For IQA, not only can the distortions be suprathreshold, but the distortions are necessarily presented against an image. Thus, the perceived contrast of the distortions can be influenced by the image. In [54], we investigated whether contrast constancy is also observed in the presence of natural images by repeating Brady and Field's experiment using suprathreshold octave-bandwidth wavelet distortions presented against either a solid gray background or one of three natural images. In the experiment, subjects were asked to adjust the contrasts of 1.15, 2.3, 4.6, and 9.2 c/deg wavelet distortions such that they appeared to have the same contrast as 18.4 c/deg distortions, the latter of which was fixed in contrast at various suprathreshold values. Figure 10 shows the results of the experiment.

In Figure 10, the horizontal axis of each graph corresponds to the center spatial frequency of the wavelet distortions. The vertical axis of each graph denotes the physical RMS contrast of the distortions increasing in the downward direction. The topmost curve in each graph (square symbols) corresponds to average detection threshold values from a previous experiment [53]; this curve can be interpreted as a CSF for wavelet distortions. The lower four curves in each graph indicate how perceived contrast changes for increasingly suprathreshold distortions.

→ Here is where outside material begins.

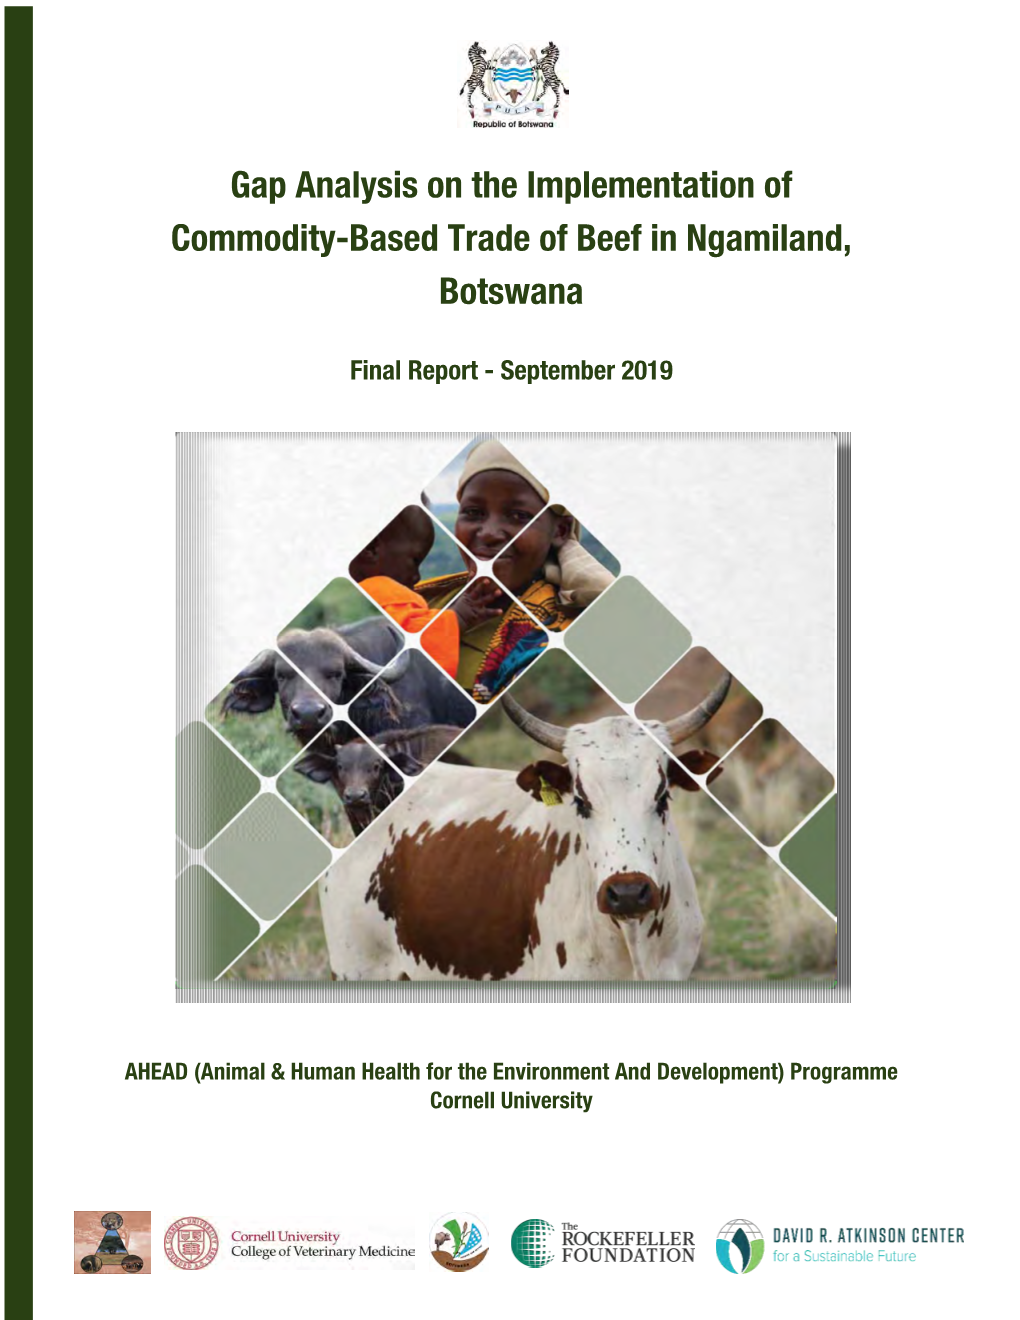 Gap Analysis on the Implementation of Commodity-Based Trade of Beef in Ngamiland, Botswana

Notice in Figure 10 that the lower curves in each graph (the perceived contrast curves) are much flatter than the top curve (the CSF curve). These data indicate that, at increasingly suprathreshold contrasts, the perceived contrast becomes increasingly invariant with frequency; that is, contrast constancy is observed. The curves obtained when using the image backgrounds demonstrate a slight reduction in the perceived contrast for lower-frequency distortions, but the contrasts still demonstrate a significantly lesser dependence on spatial frequency than the top (CSF) curve.

However, although contrast constancy can be used to estimate the perceived contrast of the distortion, contrast constancy has found little use in IQA. To demonstrate why, Figure 11 depicts images to which horizontally oriented 1.15–18.4 c/deg wavelet distortions have been added (these distortions were not generated via quantization and are thus spatially uncorrelated with the image). The RMS contrasts of the distortions in these images have been allocated in two different ways: For the image on the left, the contrasts have been proportioned according to the CSF (specified by the top curve in Figure 10); for the image on the right, the contrasts have been proportioned as specified by the middle curve (solid circles) of Figure 10 for the image lena. The distortions in both of these images exhibit a total RMS contrast of approximately 0.18.

Whereas the results of the contrast-matching experiments suggest that when distortions are suprathreshold, physical contrast is a better indicator of perceived contrast than predictions based on the CSF, Figure 11 clearly demonstrates that image quality is much better preserved when the contrasts of the distortions are proportioned according to the ratios specified by the CSF. One possible explanation for this effect is due to the total perceived contrast of the compound suprathreshold distortions. Specifically, by examining just the distortions in Figure 12, it is clear that the perceived contrast of the distortions when using contrast-matching-based proportions is much greater than the perceived contrast of the distortions when using CSF-based proportions. Thus, there appears to be an unexpected visual summation effect: although the perceived contrasts of the individual bandlimited distortions are relatively constant, when these distortions are combined and viewed together, they appear to visually interact in a way that affects the total perceived contrast.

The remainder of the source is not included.